Because of its location on a plateau, in a small valley, covering an area of some 10 to 15 km in length and between 1 and 3 km wide, the city now lacks additional space for urban development. Though its polygonal area covers some 60 km², the city occupies a little over 25 km², and the rest consists of less developed zones or areas of uneven terrain, such as mountains or hillsides.

For this reason, the city layout is unorganized, oriented only by the traffic axes constructed in decades past. The layout of the city center or "Old Quarter" is in the Spanish Colonial style, consisting of eight major avenues running east–west and forty streets running north–south, creating blocks of 50 to 100 m per side.

Historically, Mérida has been characterized by less pronounced differences between socio-economic classes and for its high quality of life. Recent years, however, owing to the economic situation confronting the country, have seen a significant increase in slums in the hills and outskirts of the city.

The southeastern part of the city, historically the headquarters of the large Haciendas that produced sugar cane, has for several decades undergone major urban development, consisting principally of single-family dwellings, and has grown almost to the point of joining with the city of Ejido, a bedroom community. Ejido currently extends to within less than 2 km of the border of Mérida, and the two cities are linked by a large avenue that goes from the neighborhoods of downtown Mérida to the outskirts of Ejido. At this point, it turns into a highway, running to the city of El Vigía, thereby uniting Mérida's metropolitan area.

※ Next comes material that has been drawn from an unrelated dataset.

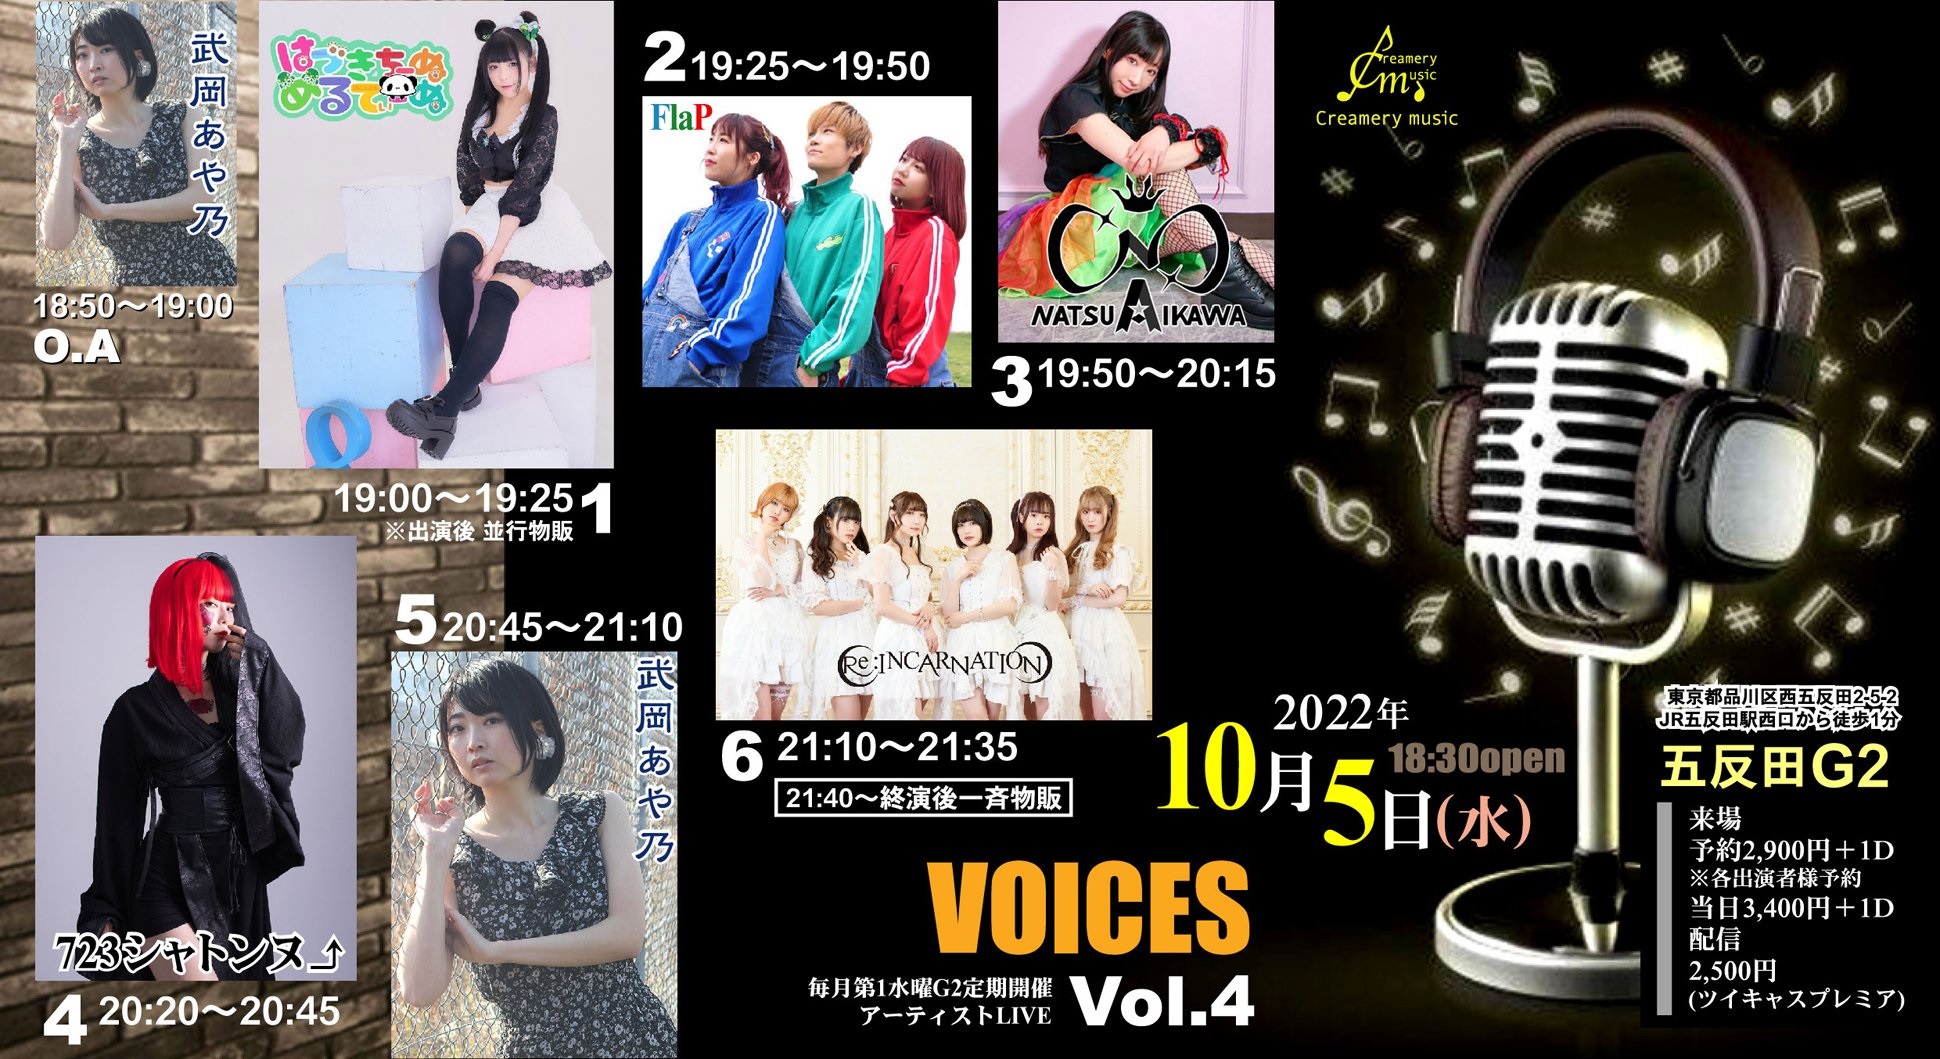 10月5日(水)「VOICES Vol.4」に出演します!!!

Despite the limited space available for development, Mérida has the largest proportion of green areas per capita in Venezuela, thanks to its many squares and public parks, the one surrounding the river Albarregas being particularly noteworthy. The School of Architecture of the University of the Andes puts into practice diverse proposals for creating areas protected from urban development, thereby reducing the impact of population growth on the environment.

=== Neighborhoods ===
There were only two neighborhoods in the city at the beginning of the 20th century. One of them was Casco Central (central quarter), located in the east bank of the plateau; which in turn was divided in various zones, identified according to the name of the local square within. The other neighborhood of the city was by the other side of the Albarregas river, in the west bank. It was known as La Otra Banda ("the other bank"). However, as a result of the Oil Boom, immigration and various other reasons, new neighborhoods appeared as years went by. The first to emerge were those near downtown. Then, due to the lack of real estate and in the search of quieter areas, neighborhoods were created far, at the time, from the city center. Some of these old spurs have now become part of the city. The following are the main neighborhoods of the city.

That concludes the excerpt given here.